Es di effetto riduttivo sulla sanzione penale: dalla proibizione della tortura e dei trattamenti disumani e degradanti si è ricavato il
divieto di procedere all’espulsione di extracomunitari, anche come misura di sicurezza una volta scontata la pena.
Ma le norme CEDU, oltre ad aver avuto effetti riduttivi della punibilità, hanno avuto anche effetti espansivi della
punibilità: in quanto i diritti fondamenti previsti dalla CEDU sono stati considerati come meritevoli di tutela penale,
con la conseguenza che si sono ampliati gli obblighi di tutela penale facenti capo ai singoli Stati membri.
Es: i giudici di Strasburgo sostengono che in capo gli Stati sussistono dei veri e propri obblighi di tutelare i diritti fondamentali presi
in considerazione dalla CEDU. Ciò spiega ad esempio perché la Corte ha condannato la Francia per la mancanza nell’ordinamento di
una norma penale effettivamente idonea a sanzionare la riduzione in schiavitù e servitù, in violazione dell’art 4 CEDU. O spiega
ancora il perché la Corte abbia sollecitato uno Stato all’introduzione di norme penali volte a reprimere le violazioni di diritti
fondamentali considerati dalla CEDU.
È presumibile che la Corte EDU tenderà a riconoscere un sempre maggiore numero di obblighi di tutela penale a carico
degli Stati al fine di garantire una più efficace tutela dei diritti fondamentali.
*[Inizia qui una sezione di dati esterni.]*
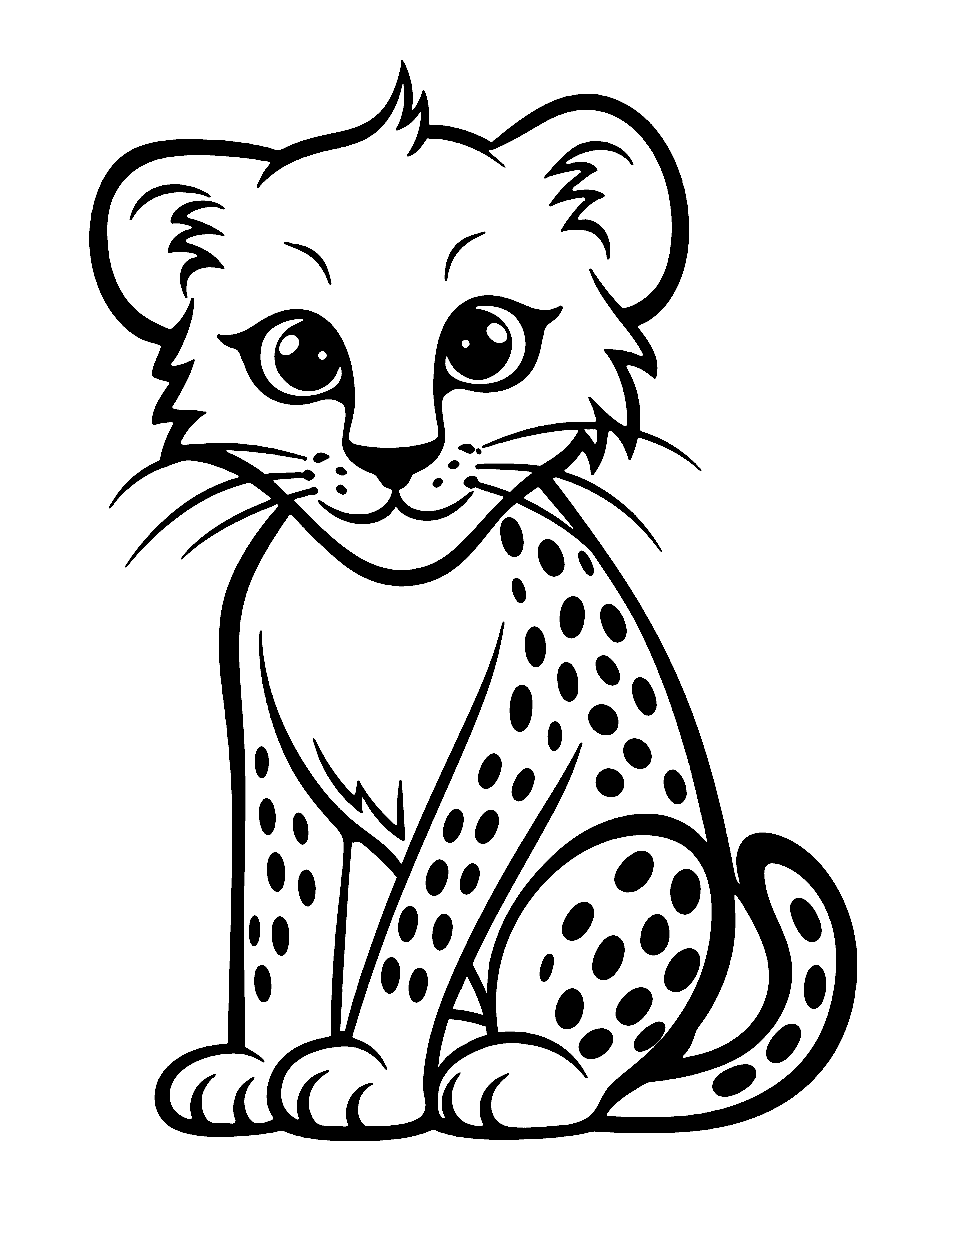 Cute Cheetah Sitting Coloring Page - A charming and adorable cheetah sitting calmly with a gentle smile.

Di fatto però quest’espansione del diritto
penale, che avviene ad opera non del legislatore democratico ma di un organo giurisdizionale non democraticamente
eletto dai cittadini, manca della legittimazione democratica che il principio di riserva di legge mira a garantire, ciò
spiega le resistenze critiche che continua a mantenere parte della dottrina penalistica italiana nei confronti di questo
processo di espansione del diritto penale.